# An example LFSR

Some time ago, we examined Linear Feedback Shift Registers (LFSR)s and particularly how to create the logic necessary to implement two different forms of an LFSR: a Fibonacci and a Galois form.

Today, let’s go back to the Fibonacci
form of a
shift register
and examine one particular set of coefficients, called `TAPS`

in the
code,
to see what sort of sequence it produces.

In particular, let’s look at a 5-stage
LFSR
with the `TAPS`

register given by `00101`

. You can see a picture of the
logic required to implement this
shift register
in Fig 1. In this figure, you can see how the
output, together with the value of the register two stages earlier,
both get added (XOR‘d) together
to produce the new MSB of the
shift register.

Even better, I picked this particular set of coefficients in order to
guarantee that this shift
register has a
maximum length.
For a register
with five internal bits within it, bits that can never all be equal to zero,
this maximum length
is `2^5-1`

or `31`

. Hence, this
register
has an output sequence of `31`

pseudorandom
bits.

Finally, before we start working through the numbers, I’d like to note that Fig 1 looks very similar to the figure we presented earlier when we described how to build a generic shift register. That figure is shown below in Fig 2.

The biggest difference you may notice between these two figures is that the multiplies have been removed. Those taps that were multiplied with zero in this example have been removed. Those taps that were multiplied by one have been replaced by a simple wire. That’s how multiplication is defined, and how it actually takes place within GF(2). Even better, all of this multiplication logic takes place as the LFSR logic is being synthesized–so that what is actually implemented ends up being identical to Fig 1 above.

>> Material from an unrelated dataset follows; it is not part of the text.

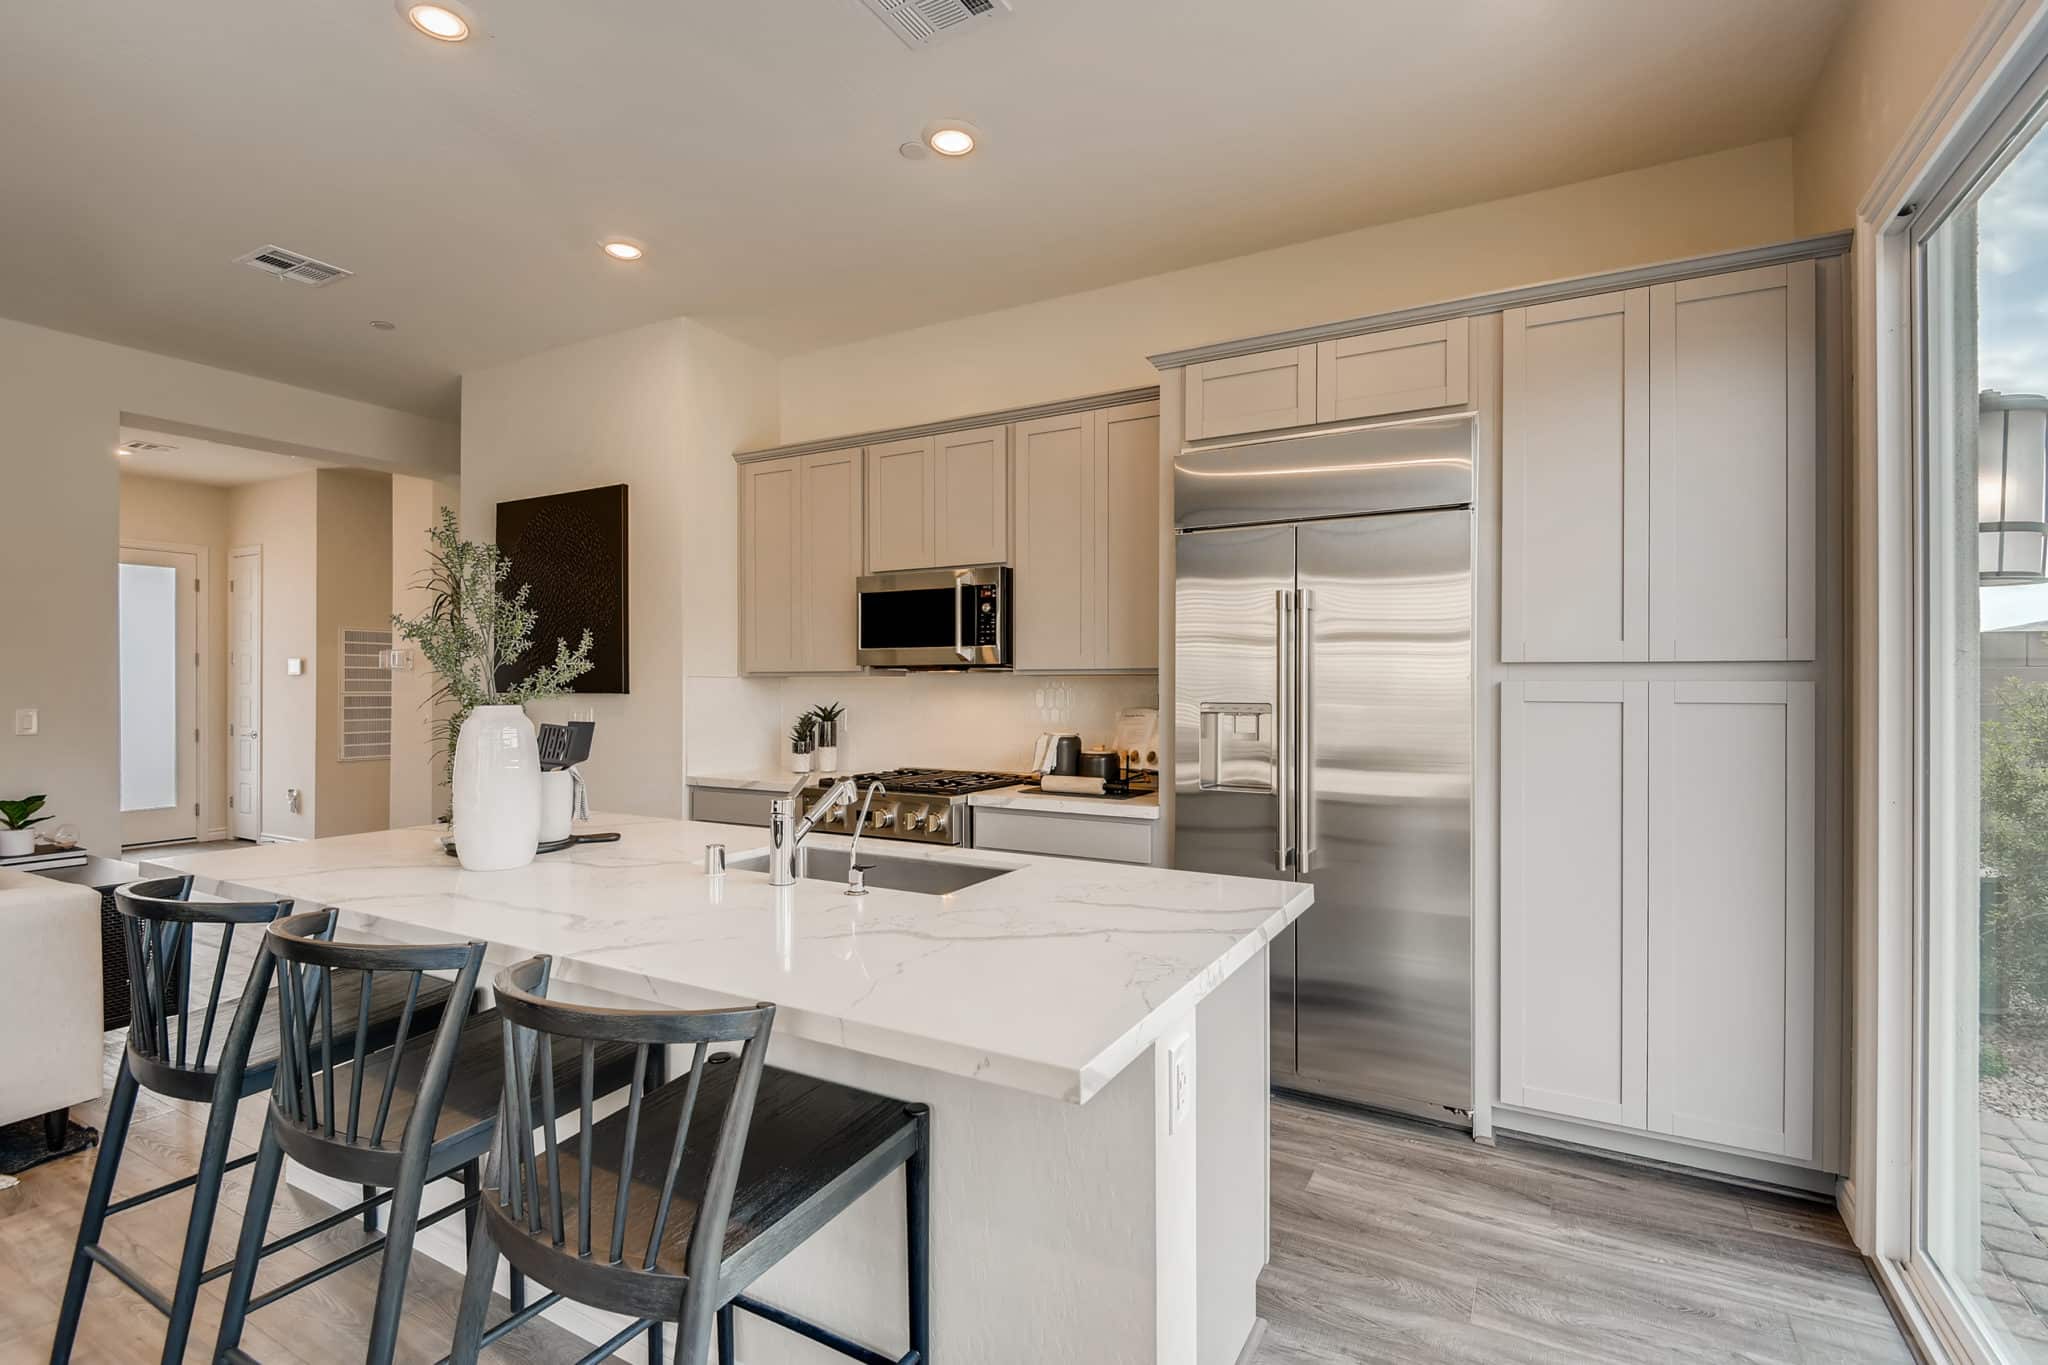 Kitchen of Claremont model at Heritage by Lennar

My hope today is that, by specifically stating what the coefficients
of an example LFSR
are, we might be able to examine and understand how an
LFSR
works. Further, as an aside, I’ve seen a lot of examples of how a 3-stage
LFSR works
in text books (`TAPS=3'b011`

). I wanted this presentation to be different
enough to generate something barely non-trivial, and so this example produces
a longer sequence. Feel free to let me know if you found this easier to
understand.

## Working through the states

Let’s assume that our example starts with an `INITIAL_FILL`

of one–just like
the
implementation
we presented earlier. At each
step, the LFSR
works by shifting every bit to the right by one, and then
calculating the top bit. In our case, that top bit is set by the
sum (XOR) of bits `0`

and `2`

.
You can see the set of states that this produces in Fig 3 on the left.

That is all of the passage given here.